Finding the right balance of contact/connection and respecting an avoidant’s inherent need for emotional distance is the right approach to attracting back an avoidant. But it’s not as simple as it sounds because avoidants often have other unmet emotional needs (often unspoken and unacknowledged if they are dismissive), that if those needs aren’t met and/or they don’t feel the safety and security they need to feel, even the right balance of contact/connection and respecting an avoidant’s need for emotional distance will not work.
Creating a safe and secure environment where an avoidant feels safe to allow you into their inner world, the world they protect with their life literally is the first step. If you can do that, you are pretty much set for success.
I always had my doubts about the no contact rule, it didn’t make sense to me why two people who didn’t fight, have mutual respect for each other and still love each other but have to work on some personal issues have to go no contact.
My ex broke up with me because she did not feel loved and appreciated. I was advised by exgirlfriend recovery expert to do no contact for 30 days. Before that we were texting and friendly, she even called me ‘babe’ and then tried to take it back. We both laughed about it. She also told me she was not saying never but I hurt her deeply and she needed to find and love herself again.
Fast forward to a month and 4 days, I contacted her and she was cold and distant. I think I made her feel the bad memories of not being loved and appreciated with the no contact rule.
Now she has blocked me in every way. I hate myself for doing no contact.
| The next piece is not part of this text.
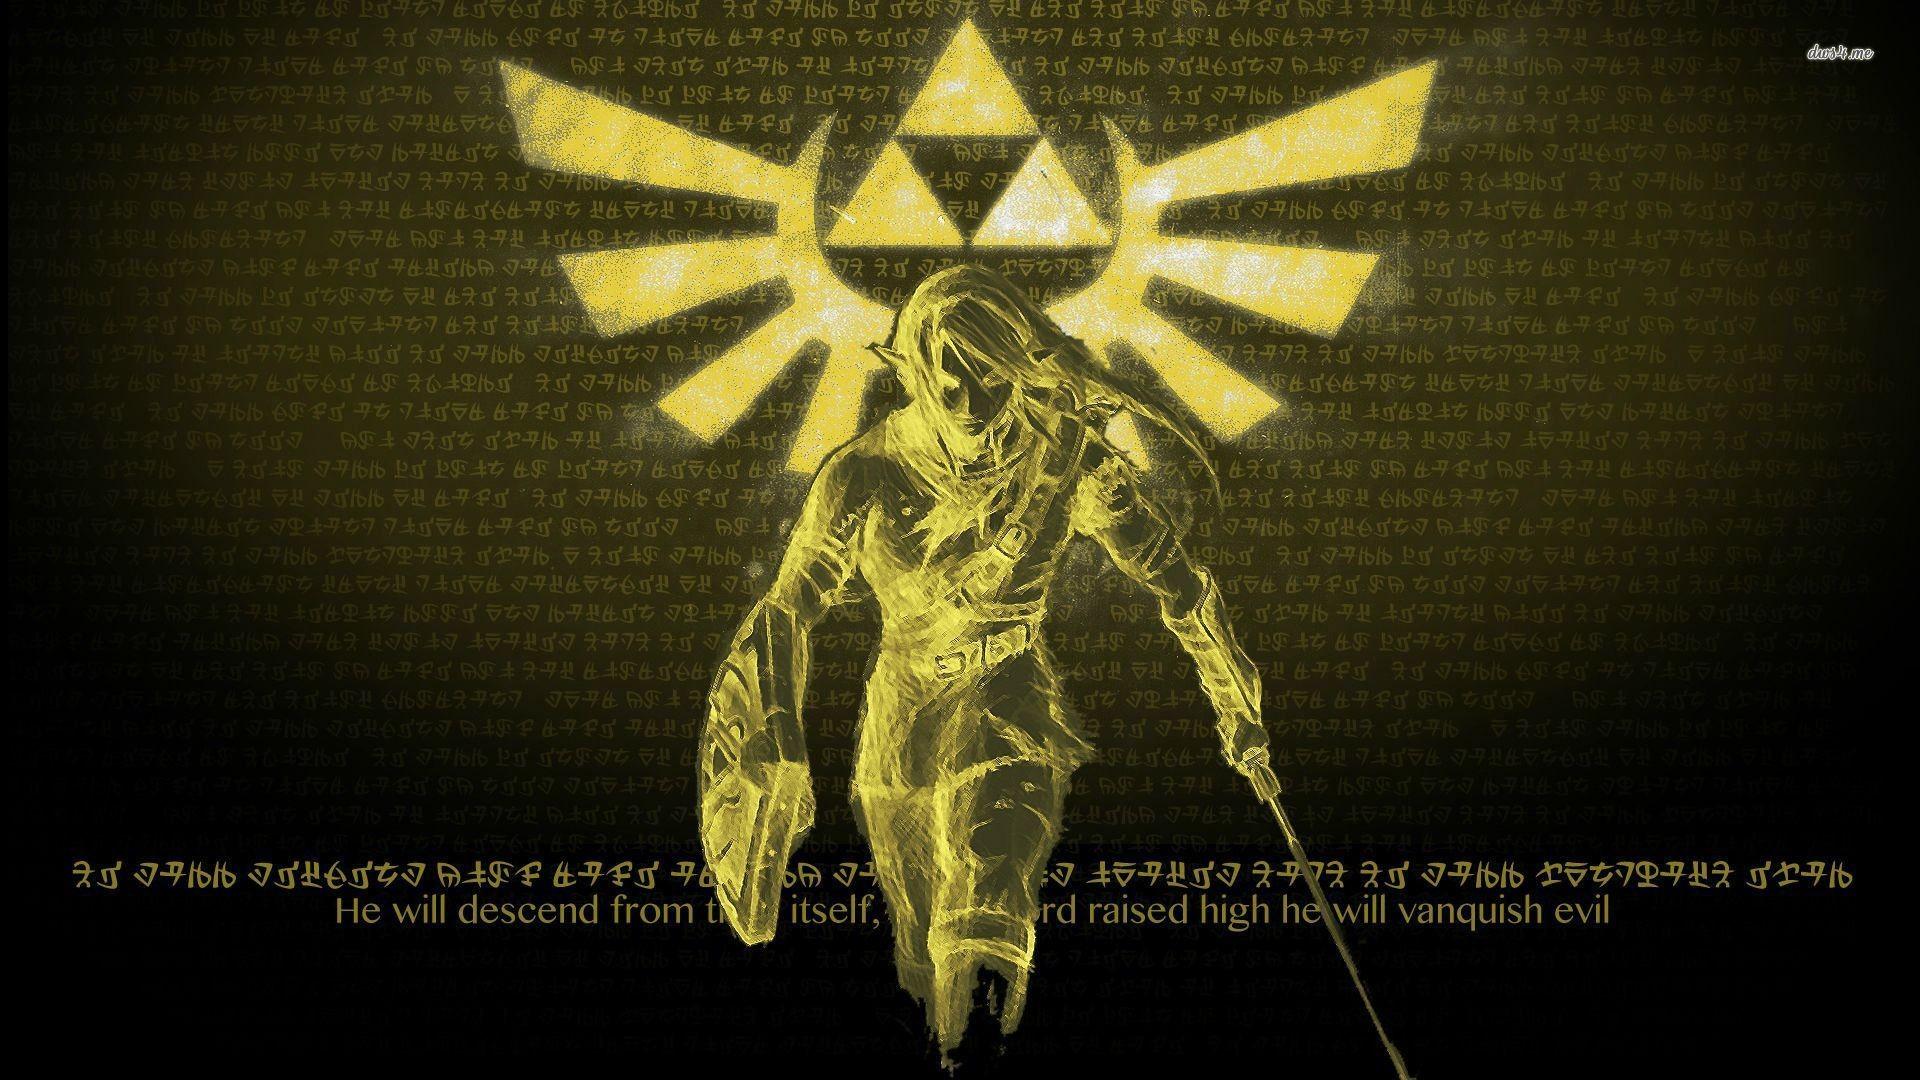 The Legend of Zelda wallpaper – Game wallpapers – #30427

Thank you, I really needed to read this today. 5 years living together and talking everyday and him not talking to me for months really destroys the foundation of a relationship. If someone’s okay with not talking to me for months, then they don’t really need me in their life. This gives me the strength to move on. I can’t see a relationship with him after this.
I hear you. Most people don’t realize that whatever you do, whether it is a fight, a break/separation or break-up, you should never EVER put the other person in a position where they question or doubt your love for them. Once someone questions your love for them, the foundation of the relationship is shaken. This applies both ways.
Some people with a lot of work can heal the foundation of their relationship, but most people can’t. They may even get back together but the damage is done. They keep having one problem after another and don’t understand why they can’t make the relationship work.
I followed all the material with NC and all that for 12 weeks but my ex still won’t talk to me. I texted him on his birthday, “I hope you have a good time.”, never heard back from him. Waited one week and texted him asking him how he was doing and let him know I’m fine. Nothing. Waited another week and then texted him asking him if he wants me to stop texting him. FINALLY, got an email back, “Sorry, I’m busy. I don’t have time to text you.”
I really love him but the fact that he won’t talk to me even after all this time has passed tells me it’s probably better to move on.
Sorry you had to find out the hard way that NC is to allow you to heal and move on, not a strategy for getting your ex back.
You have no idea how happy I am to find some people who dont approve of the NC system for all situations. I tried it and it just started making things worse between us, so I scraped that idea and I am now just myself around him.
While I was trying the NC it just made him feel rejected, he felt awkward to talk to me, and that he was losing his best friend. The last thing I wanted was to hurt him because I love him and I want him in my life. We didnt break up because we hated each other, we broke up because we are in our mid twenties and dont know what we want out of life right now, he wanted time to be single to see what it felt like because he has never had the opportunity to do that. I just hate mind games and that is a tricky mind game that could have really back fired on me.